At one time, Boston was known for, among other things, its piano manufacturing and it was during this time that a German immigrant and his family established the M. Steinert & Sons piano store and its amazing hidden performance space, Steinert Hall. The ornate concert hall was originally opened in 1896 as a space where the ground floor piano store could show off their wares. The space quickly gained notoriety in the area due to its fabled, near-perfect acoustics earning the underground concert hall the nickname, “Little Jewel.” The main recital space was small by concert hall standards but still managed to attract the finest classical musicians and opera performers of the day. Unfortunately, 1942 would prove to be the year the music died when the hall was forced to close due to restrictive new fire codes as a result of the Cocoanut Grove nightclub fire. Rather than pay for prohibitively expensive upgrades, the theater simply closed its doors, leaving the space empty but intact.

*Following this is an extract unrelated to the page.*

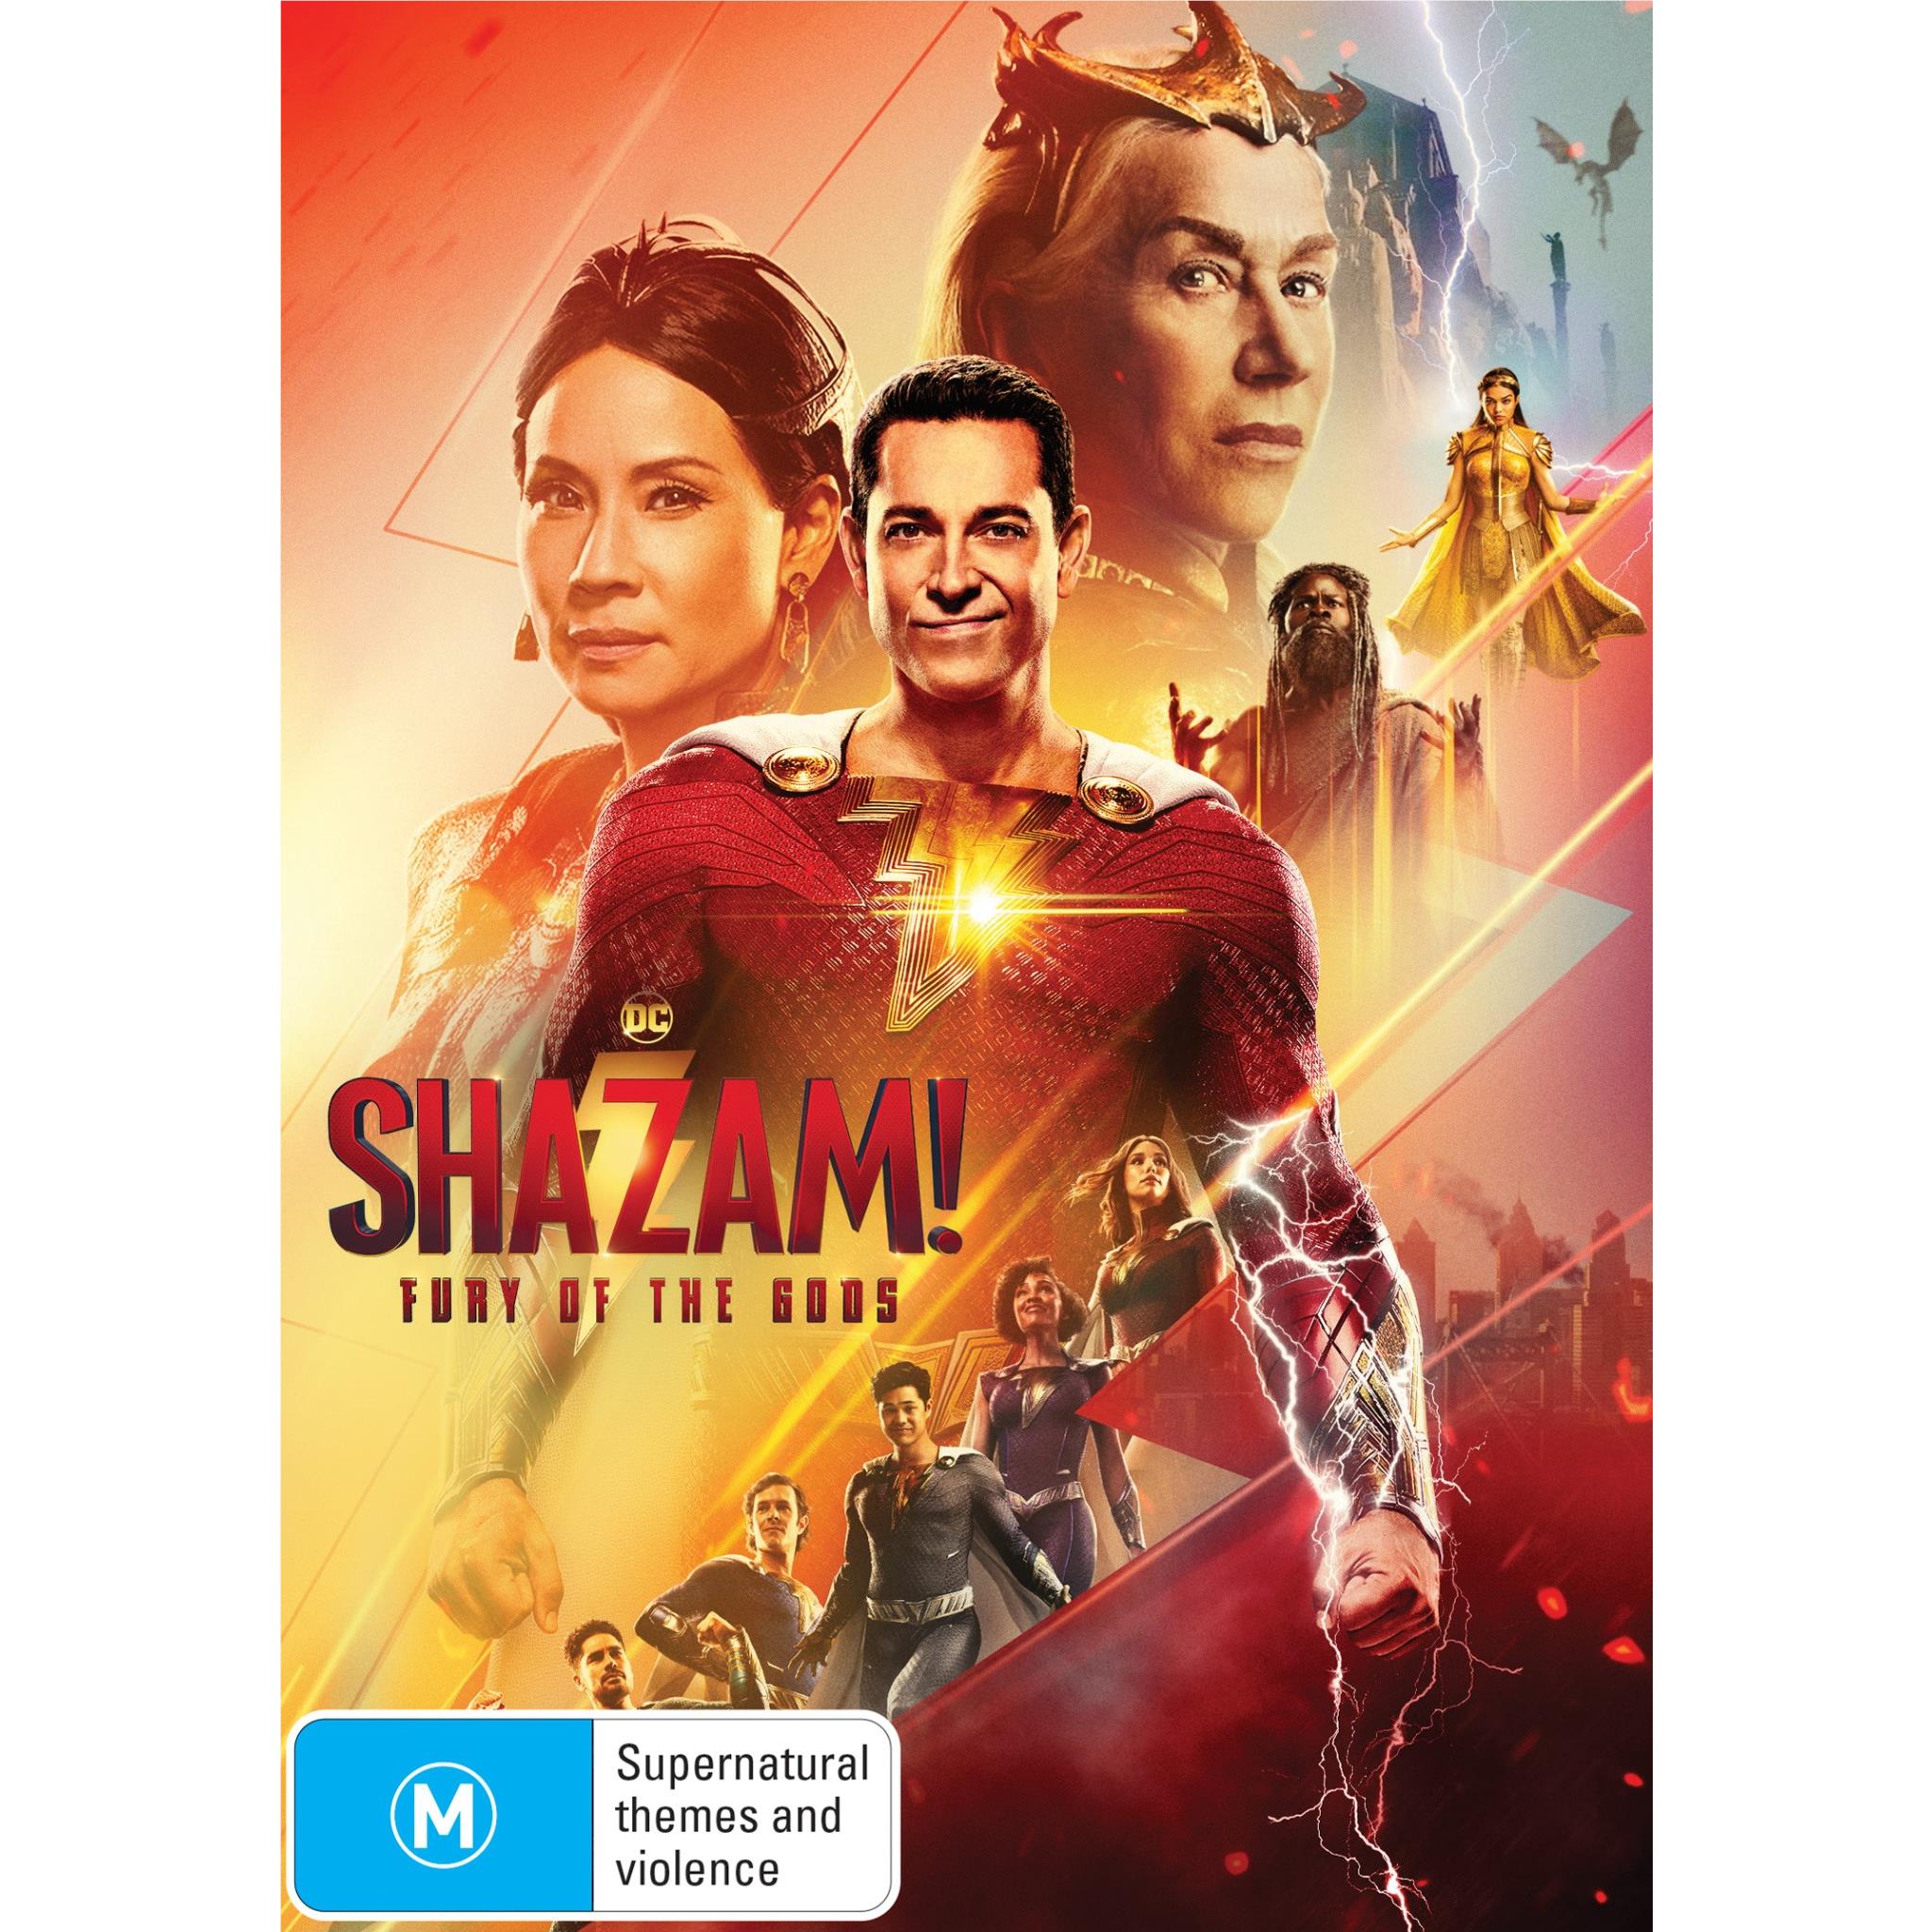 Shazam! Fury of the Gods: Everything to Know

Steinert Hall still rots away, untouched and unused deep under the Steinert piano store. It seems to be used as storage for broken or abandoned pianos, adding to the mouldering look of faded opulence. Visitors are not generally allowed into the decaying hall, and employees in the surface-level store are markedly reticent to discuss the space, but some high-profile touring musicians such as Elton John have been known to check out the grand old hall.  

Know Before You Go

Steinert Hall is undergoing construction.